Export vinicolo 2021: i dati, pubblicati a marzo 2021 e relativi all’anno 2020, segnalano una sostanziale tenuta – di fronte all’emergenza Covid – dell’export italiano nel settore vini.
Le elaborazione Ismea e Uiv (Unione Italiana Vini) sui dati Istat, pubblicate nel marzo del 2021, segnalano – per l’anno 2020 – un export vinicolo italiano che scende in valore soltanto del 2,3% rispetto al 2019, per un totale di 6,285 miliardi di euro. Un -2,3% che è in realtà un ottimo risultato, in piena pandemia, rispetto ai nostri maggiori competitor, ovvero la Francia (che nel 2020, rispetto al 2019, ha perso il 10,8% in valore nelle esportazioni di vini, per un totale – comunque superiore al dato italiano – di 8,7 miliardi di euro), e la Spagna (-3,2% nel 2020 sul 2019). Per quanto riguarda le quantità di vino esportate, nel 2020 – con un calo soltanto del 2,4% rispetto al 2019 – l’Italia, con oltre 20,8 milioni di ettolitri, si attesta come il Paese leader mondiale, davanti alla Spagna. In un contesto nel quale il Made in Italy, nel suo complesso, ha subito una contrazione del 9,7% nelle esportazioni (nel 2020 rispetto al 2019), i risultati del settore vinicolo appaiono dunque, in senso relativo, brillanti.

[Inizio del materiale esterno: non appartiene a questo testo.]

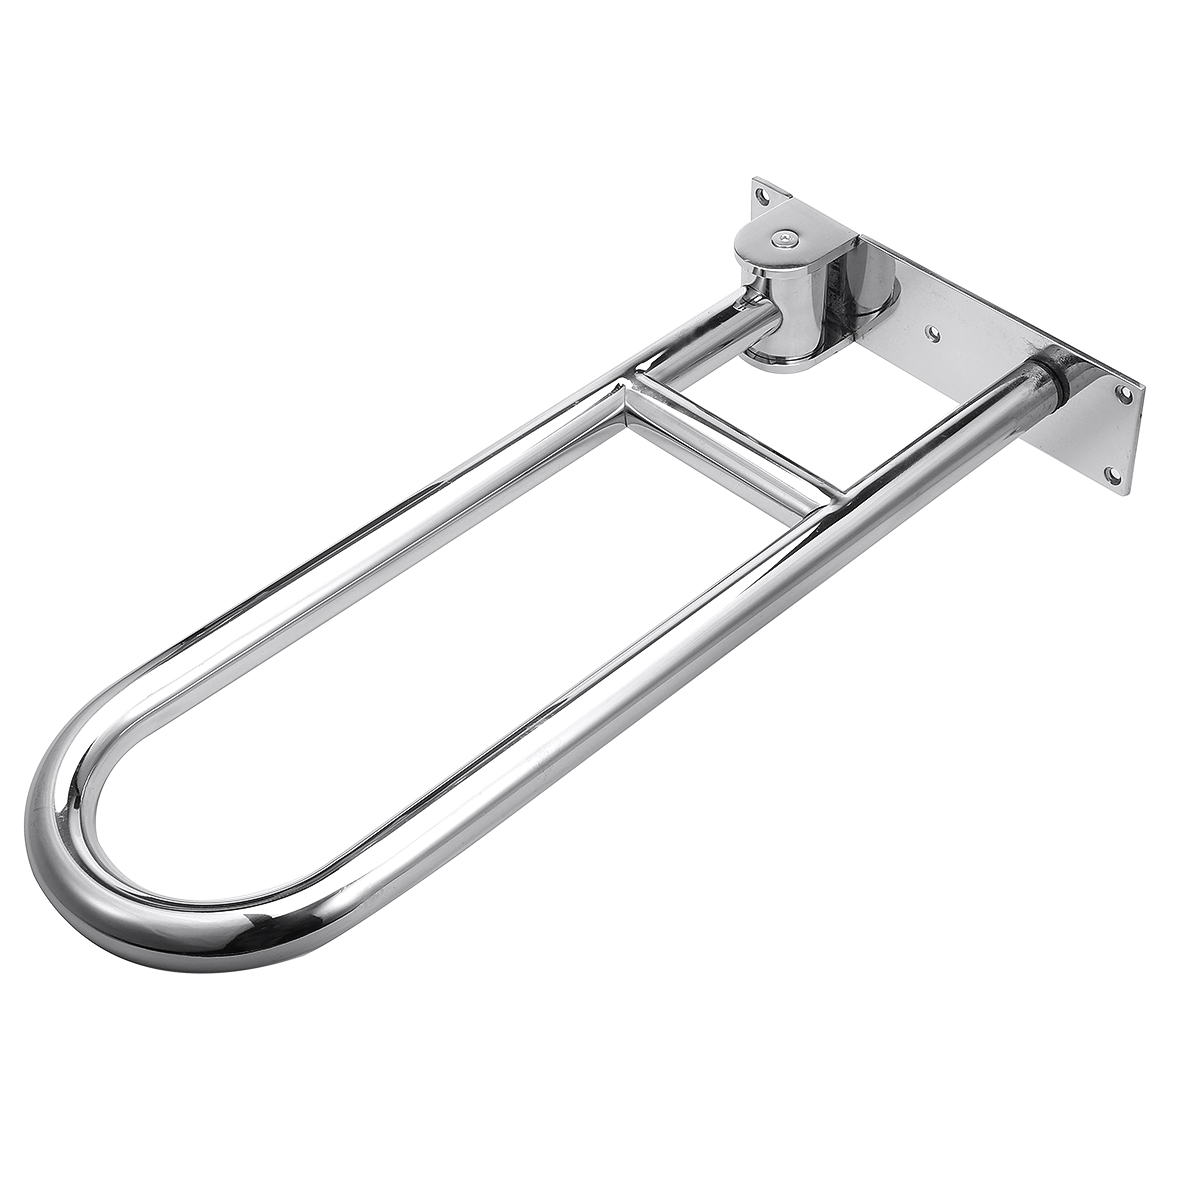 Stainless-Steel-Toilet-Safety-Frame-Rail-Grab-Bar-Handicap-Bathroom-Hand-Grips-1650108-6

Per quanto riguarda i diversi comparti del mondo wine, il 2020 è stato un anno relativamente buono per i vini Igp (+1,2% di export rispetto al 2019, per un totale di 1,5 miliardi di euro), per i vini fermi in bottiglia (-1,5%, per un controvalore di 3,9 miliardi) e per i vini Dop (-2,9%, per un totale di oltre 4 miliardi di euro esportati nel 2020), mentre le perdite sono più significative per gli spumanti (-6,9%) e per i vini comuni (-5,3%).
Per quanto riguarda i mercati di sbocco del vino italiano, nel 2020 si registra per i nostri vini addirittura una crescita dell’export in ambito Ue (+0,7% nel complesso e +3,9% in Germania), una perdita relativamente contenuta sul mercato Usa (-5,6%, con i vini italiani esentati dai dazi di Trump) e in Russia (-3,6%), e invece un calo più significativo in Gran Bretagna (-6,4%), e soprattutto in Cina (-26,5%) e in Giappone (-15,5%).